"You know, I've played in this league for a few years and Sacramento has definitely always been one of the strongest teams," said Gissell, who was in the PCL from 2002-05 before playing two seasons in Japan. "We have a great team here. I'm very happy to be on this team. It's an outstanding group of guys.
"We kept it up all year. This is my 13th year of professional baseball and this has been the best team I've been on, personality-wise. Oakland has done a great job of putting together winning teams in Sacramento."
The Yankees had an opportunity to break the game open in the first inning, loading the bases with two outs against Sacramento starter Brad Knox. Matt Carson, however, flied out to the wall in center to end the threat.
The River Cats didn't squander their opportunity, going to work quickly in the bottom half of the inning against Ian Kennedy. Chris Denorfia led off with a double. After a wild pitch and a walk to Carlos Gonzalez put runners on the corners, Wes Bankston singled in the game's first run. Brooks Conrad followed with an RBI single of his own before Casey Rogowski brought in another run with a fielder's choice.
Kennedy settled down after the first, throwing four scoreless innings before giving way to Steven Jackson. Kennedy struck out seven and scattered seven hits in his 95-pitch effort, but the Scranton/Wilkes-Barre offense couldn't break through against Knox or the Sacramento bullpen.

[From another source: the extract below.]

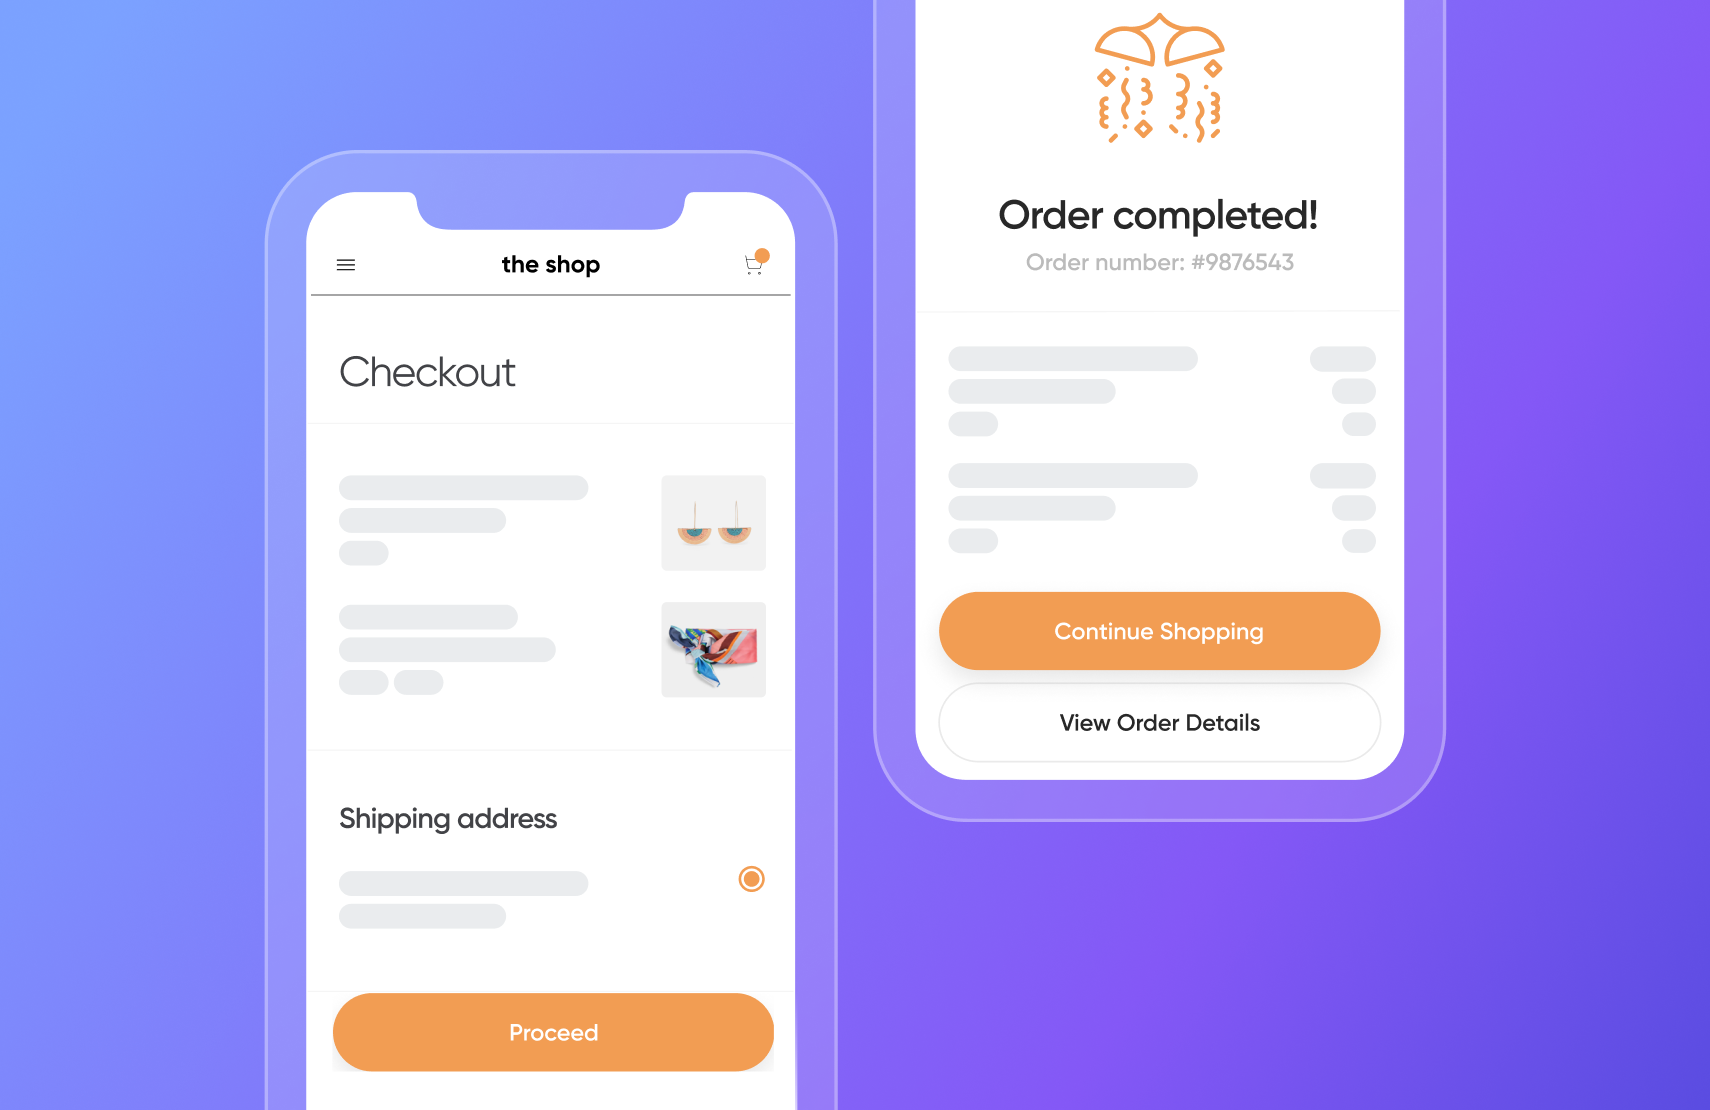 What Components are Key to a Great Checkout Experience?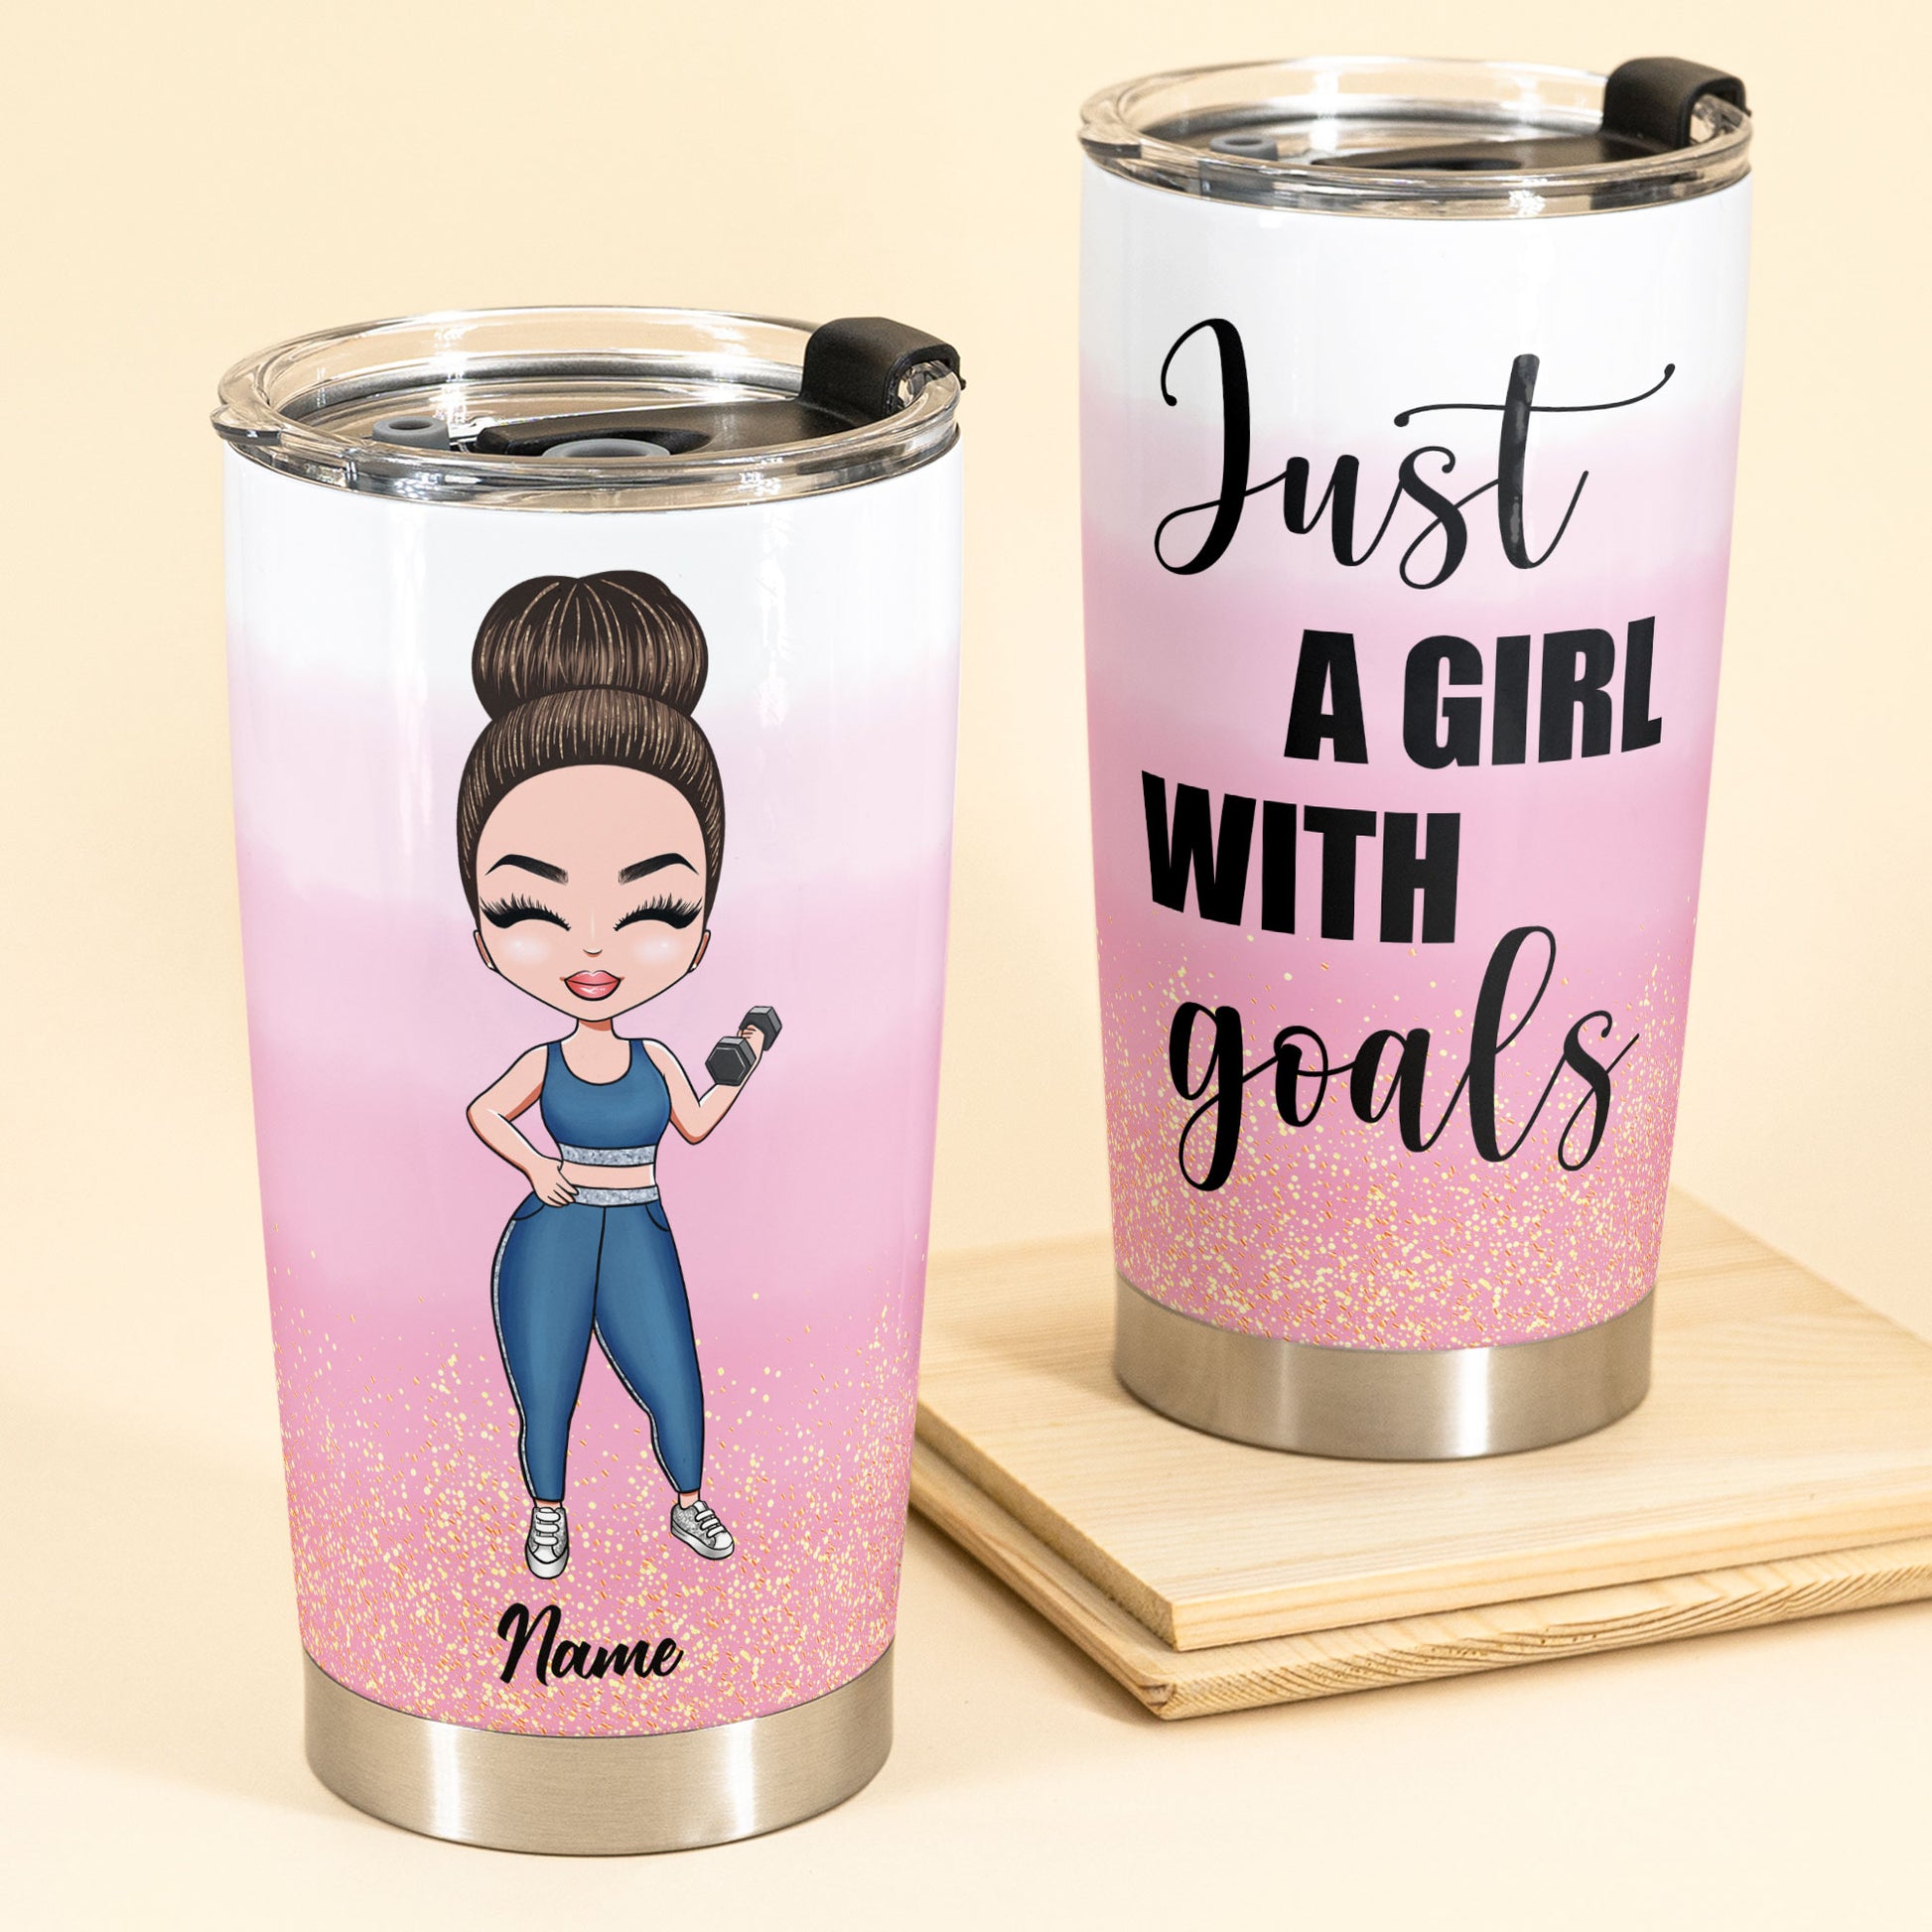 48 Best Gifts for Gym Lovers & Fitness Fans 2022

Knox hadn't pitched since going 2 1/3 innings in the PCL playoff opener against Salt Lake on Sept. 3. As a result, River Cats manager Todd Steverson pulled him after two innings and 31 pitches. But Gissell and Co. proved more than equal to the task of holding down the Yanks. Gissell was 1-1 with a 6.30 ERA in 10 postseason innings before Tuesday but was sharp against the Yanks, allowing just one hit and striking out four, including fanning the side in the fourth.
"They told me before the game that I'd be coming in second," Gissell said. "Usually, my cutter is my best pitch, but tonight it wasn't working. I had the curveball today and I was locating the fastball well. I threw the cutter well warming up, but I spiked a few after going 0-2 on my first hitter. After that, I didn't think it was going to happen."
The Yanks didn't fare much better against the rest of the Sacramento bullpen, either. Ryan Wing pitched a scoreless inning, striking out two. Ramiro Pena, just called up from Double-A Trenton, accounted for the only Scranton/Wilkes-Barre run, driving in Matt Carson with a seventh-inning single off Henry Rodriguez.
Brad Kilby and Bret Prinz combined to throw the final two innings, striking out two without allowing a hit.
"Chris was unbelievable tonight," said Conrad. "He's a veteran pitcher, so he's the guy you want on the mound. He came in today and showed you why. He was getting strikes around the plate. I wouldn't have wanted anyone but Chris on the mound, and he got the job done."
As for the newly crowned Sacramento dynasty, well, Conrad had to admit, it's not a stretch to label what the River Cats have done in recent years as such. He played the last four seasons in Round Rock, so he's gotten a close look at what Sacramento has been able to accomplish.
"I guess this is as close as you can get at the Triple-A level," Conrad said. "When I was with Round Rock, these guys always had great teams year in and year out. They always seem to have a good mix of guys who play hard. It's unbelievable the success they've had. They just keep it going. It's a great organization."